The Watts legislation is the first measure introduced in Congress to broadly implement President George W. Bush’s initiative on government-funded religion, including the provisions that would allow the federal government to provide contracts and grants to religious organizations that discriminate against others based on religion. In contrast, the companion legislation introduced today by Sens. Rick Santorum, R-PA, and Joseph Lieberman, D-CT, omitted the provisions on discrimination.

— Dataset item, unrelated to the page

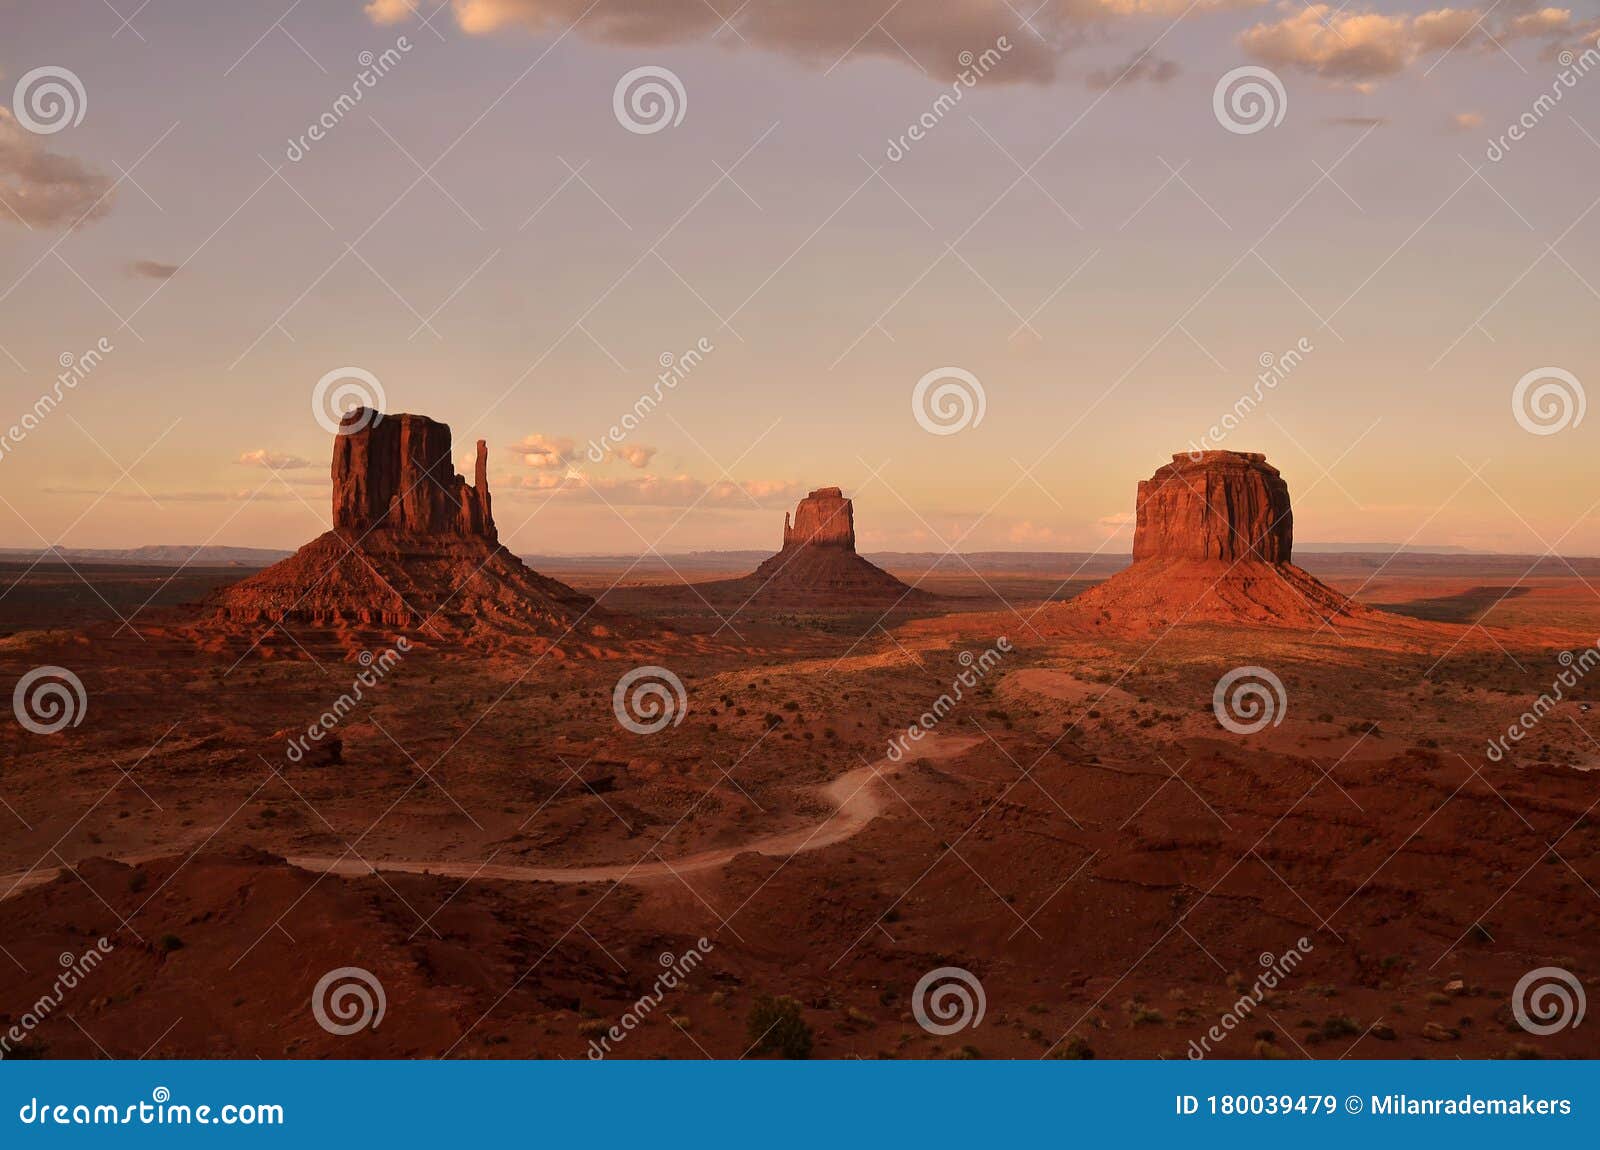 The Three Famous Rocks Of Monument Valley Standing Tall In The Vast Landscape During Sunset On A Summer Day Stock Image Image Of Wild Stone

In a letter sent to the House today, the ACLU said that the ban dates from an executive order signed almost 60 years ago by President Franklin Delano Roosevelt, who ordered all federal agencies to “include in all defense contracts hereafter negotiated by them a provision obligating the contractor not to discriminate against any worker because of race, creed [religion], color, or national origin.”

Roosevelt later expanded the civil rights protections to include all government contracts, the ACLU said, adding that Presidents Truman, Eisenhower, Kennedy and Johnson strengthened its protections.

“The common objective was to keep taxpayers’ money from funding discrimination – including religious discrimination,” Anders said. “The Watts bill would turn those protections on their head and make federally funded discrimination the new rule.”

The ACLU letter noted that opposing the Watts bill does not mean that members of Congress would have to reject federal funds for religiously affiliated groups like Catholic Charities, Lutheran Social Services and United Jewish Communities that currently receive federal funds and agree not to discriminate based on religion or any other characteristic.